Now, when I look back at how this all started, it feels simple in hindsight. Not easy, but simple. I was a retired father with time on his hands and memories he did not want to lose. I did not set out to change myself. I just followed a quiet pull and trusted it would lead somewhere worthwhile.

Writing has become a way of keeping company with my own life. I do not rush through moments anymore, even the small ones. I notice how a morning light hits the kitchen table, how a voice sounds different over the phone when someone is tired, how certain thoughts show up again and again asking to be acknowledged.

I still feel unsure sometimes. I still reread things and wonder if they say what I meant them to say. But that uncertainty does not stop me the way it once did. It feels like part of the process now, not a sign that I should turn back.

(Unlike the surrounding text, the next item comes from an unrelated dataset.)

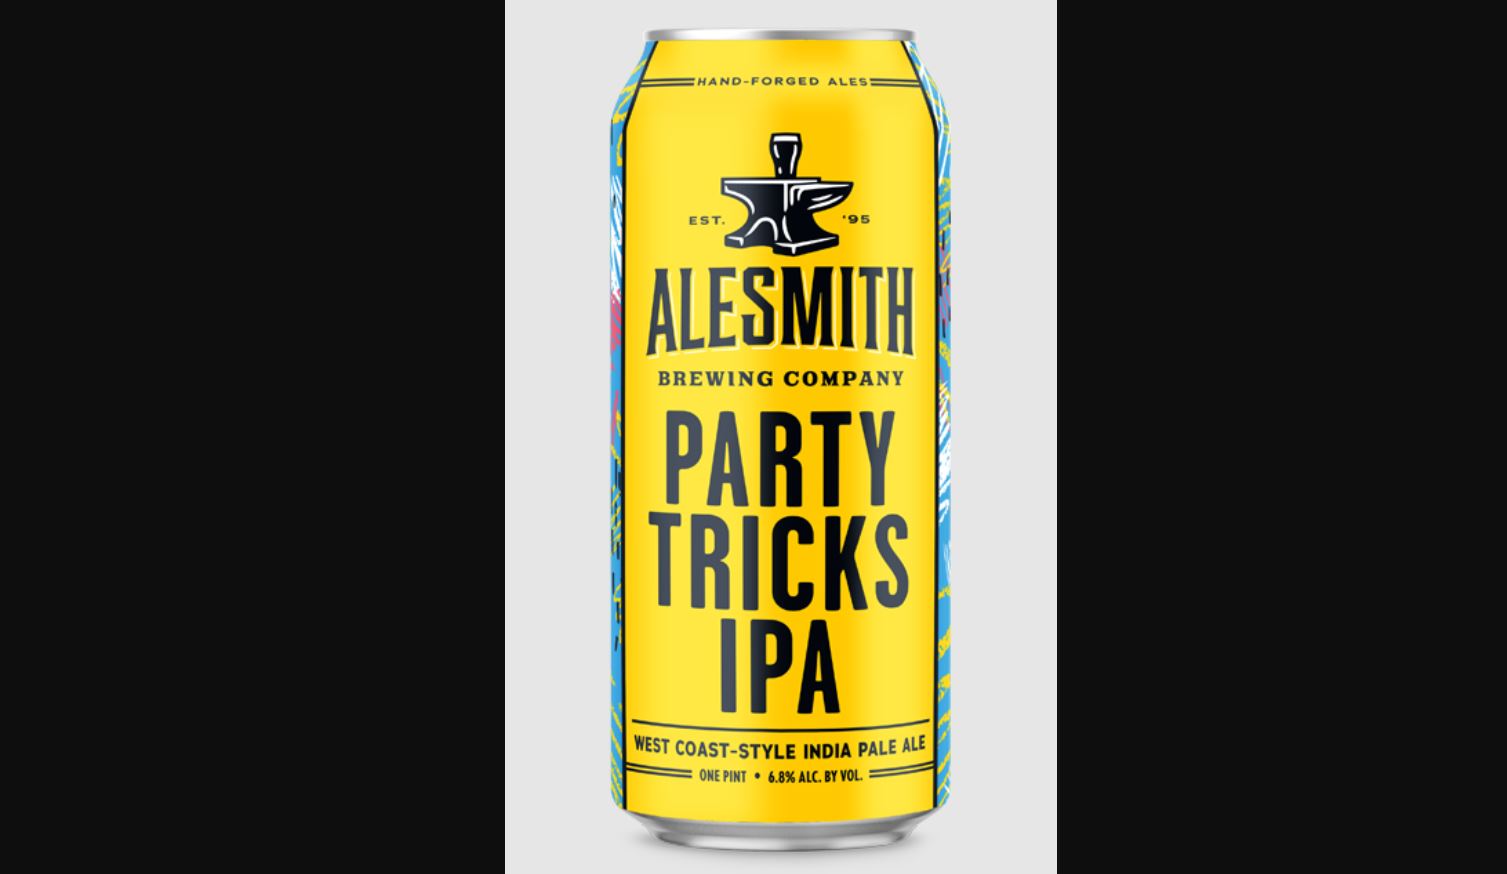 Alesmith Party Tricks

When people ask why I keep doing this, I struggle to explain it clearly. It is not about getting better or being seen. It is about staying present. About letting the years I have lived speak instead of letting them blur together quietly.

I have learned that to write a poem does not require confidence first. It creates confidence slowly, through showing up and paying attention. Through letting words be imperfect and honest and unfinished when they need to be.

What I treasure most is how this has changed my relationship with memory. The past no longer feels like something sealed away. It feels accessible, touchable, and still useful. I can visit it without getting stuck there.

I do not know how long I will keep writing this way. Maybe it will evolve into something else. Maybe it will stay exactly as it is. Either way feels fine to me now. I am no longer measuring it against anything.

This was never about finding a new identity after retirement. It was about recognizing the one I already had and giving it room to breathe. Writing simply gave me a language for that.

If there is one thing I have learned, it is that ordinary lives hold more than we think. They ask only that we pay attention long enough to hear them. I am glad I finally did.